The Tianhe-2 supercomputer at a Chinese university earned the title of the world’s fastest computer second time in a row on the November 2013 Top500 list, announced Monday at the supercomputing industry’s SC13 conference in Denver, Colorado.

The system also topped the June 2013 list. Compiled by experts at US and German universities and from one of the US Department of Energy’s (DoE’s) laboratories, the list comes out twice a year, ranking 500 supercomputing systems based on their LINPACK performance. LINPACK is a software package for crunching algebraic equations and other problems.

Tianhe-2 Supercomputer

Deployed for defense

The Tianhe-2 supercomputing cluster, deployed at China’s National University of Defense Technology, is powered by Intel’s Xeon E5-2692 processors and Xeon Phi 31S1P co-processors – 3.12m processor cores total. It requires about 18MW of power to run at top speed.

The second system on the list, a cluster called Titan at the US DoE’s Oak Ridge National Laboratory, is powered by Intel’s biggest competitor in the server-processor space AMD. The 560,640-core system, built by Cray, runs on AMD’s Opteron 6274 processors and NVIDIA K20x GPUs. Titan was second on the June list as well.

Both Xeon Phi chips and NVIDIA GPUs act as coprocessors in the respective systems.

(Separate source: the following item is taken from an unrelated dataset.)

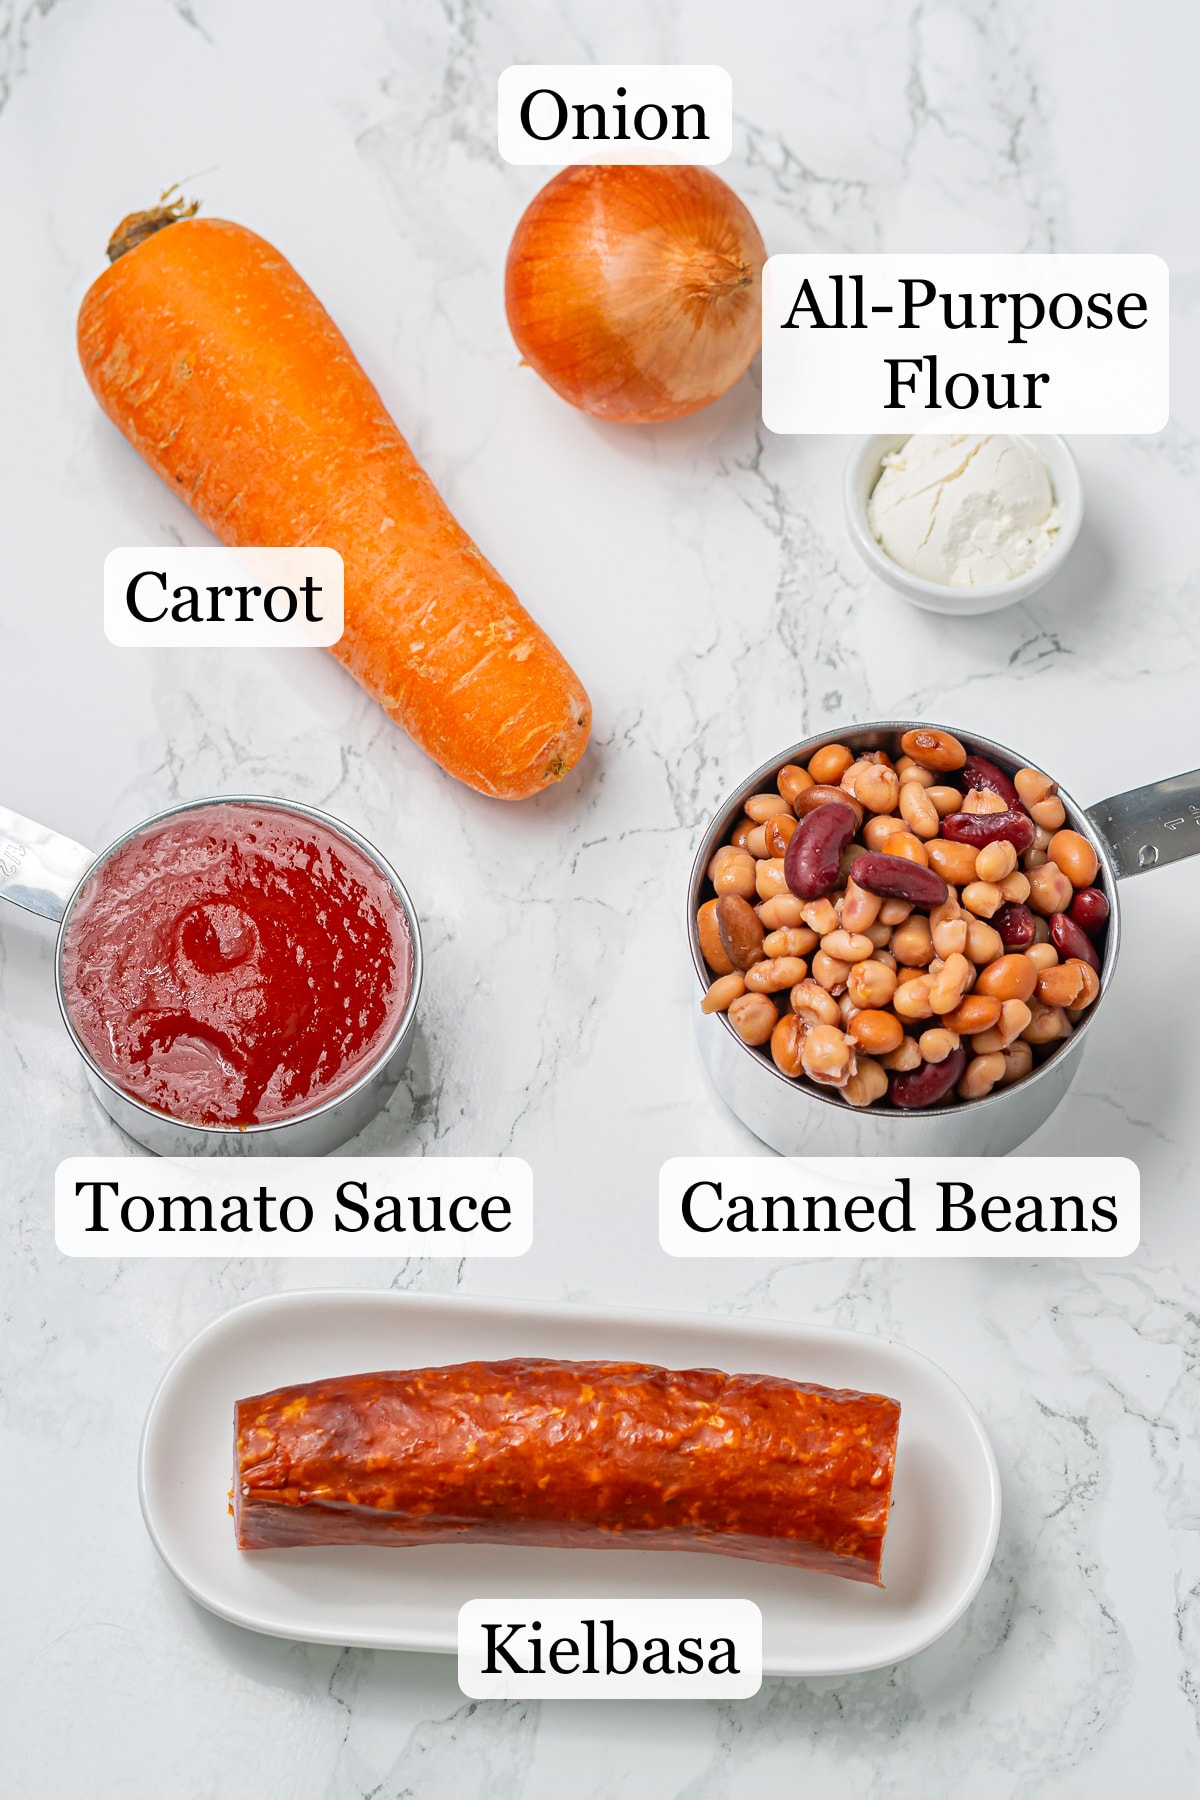 Ingredients for kielbasa bean soup: carrot, onion, tomato sauce, mixed beans, cream cheese, and kielbasa sausage.
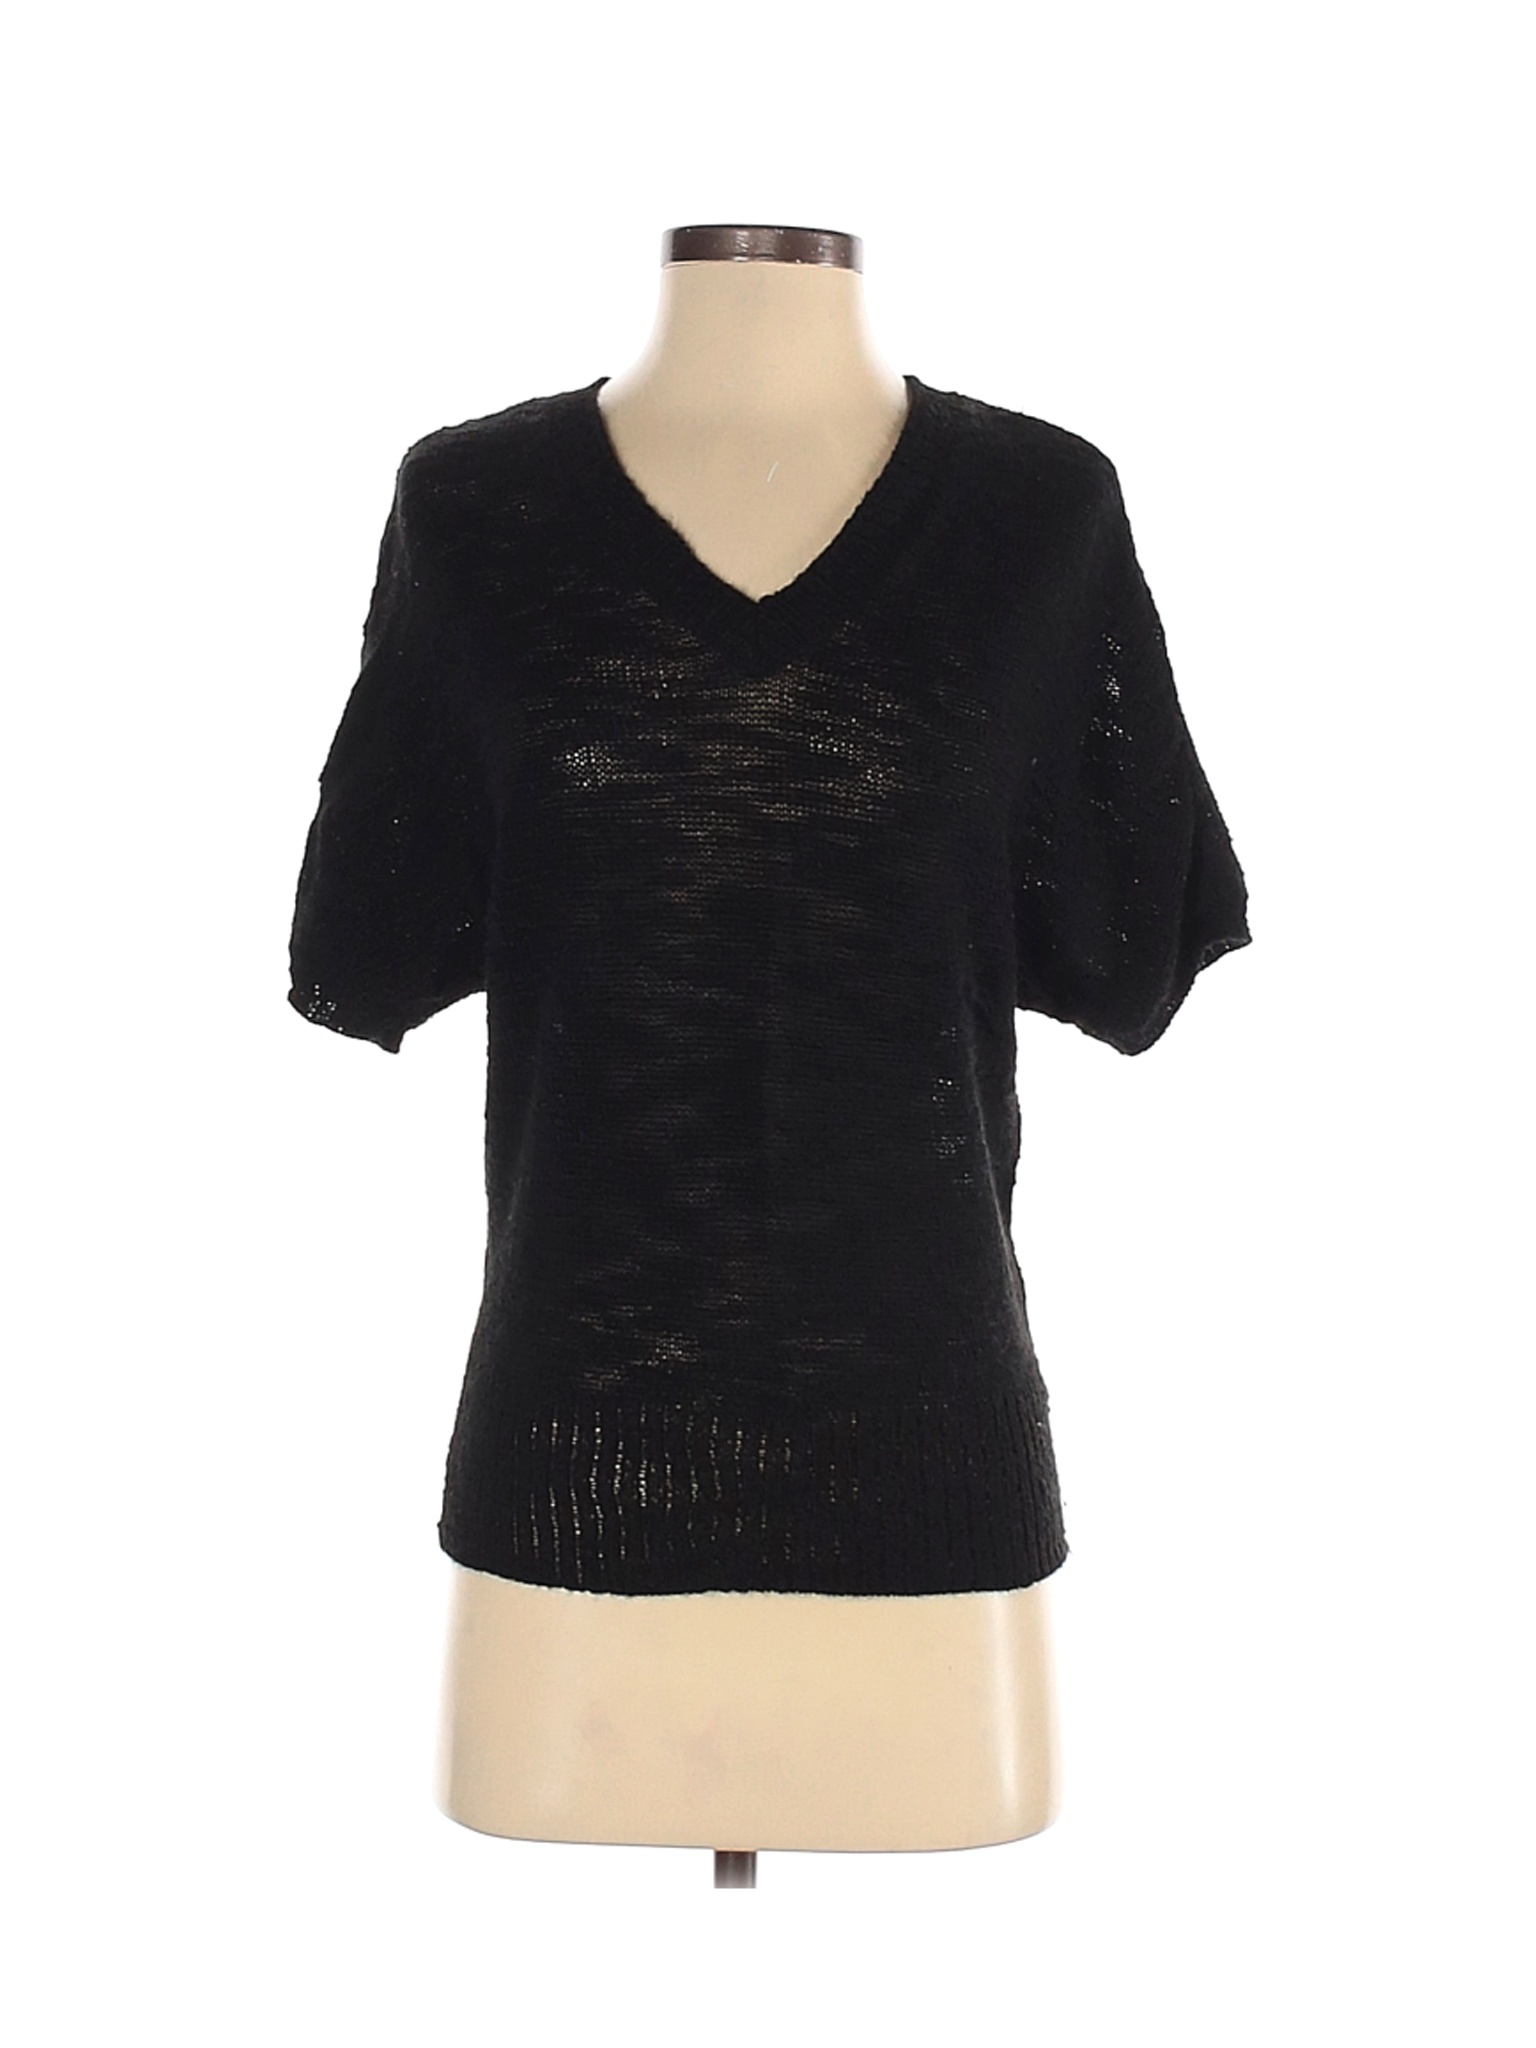 Gap Women Black Pullover Sweater XS | eBay

Coprocessors are widely used in supercomputer architectures to offload tasks from the main CPUs to accelerate performance.

Xeon Phi processors are also used in Stampede, the supercomputer at University of Texas, Austin, that was seventh on the list. NVIDIA GPUs accelerate the sixth system on the list, called Piz Daint. This Cray system, running at the Swiss National Supercomputing Center in Lugano, Switzerland, is a newcomer to the top-10, where it is also the most energy efficient one.

In third place, following Titan, is Sequoia, an IBM BlueGene/Q system at DoE’s Lawrence Livermore National Lab. It also took the third spot second time in a row.

The number of systems on the list whose performance is greater than a petaflop per second has increased by five since June, reaching 31.

More than half of all systems on November’s Top500 are deployed in the US (265). Europe has 102 and Asia has 115 top-performing supercomputers.

China and Japan dominate among Asian countries, with 63 and 28 supercomputers, respectively. In Europe, UK, France and Germany are fairly close to each other with 23, 22 and 20 systems on the list, respectively.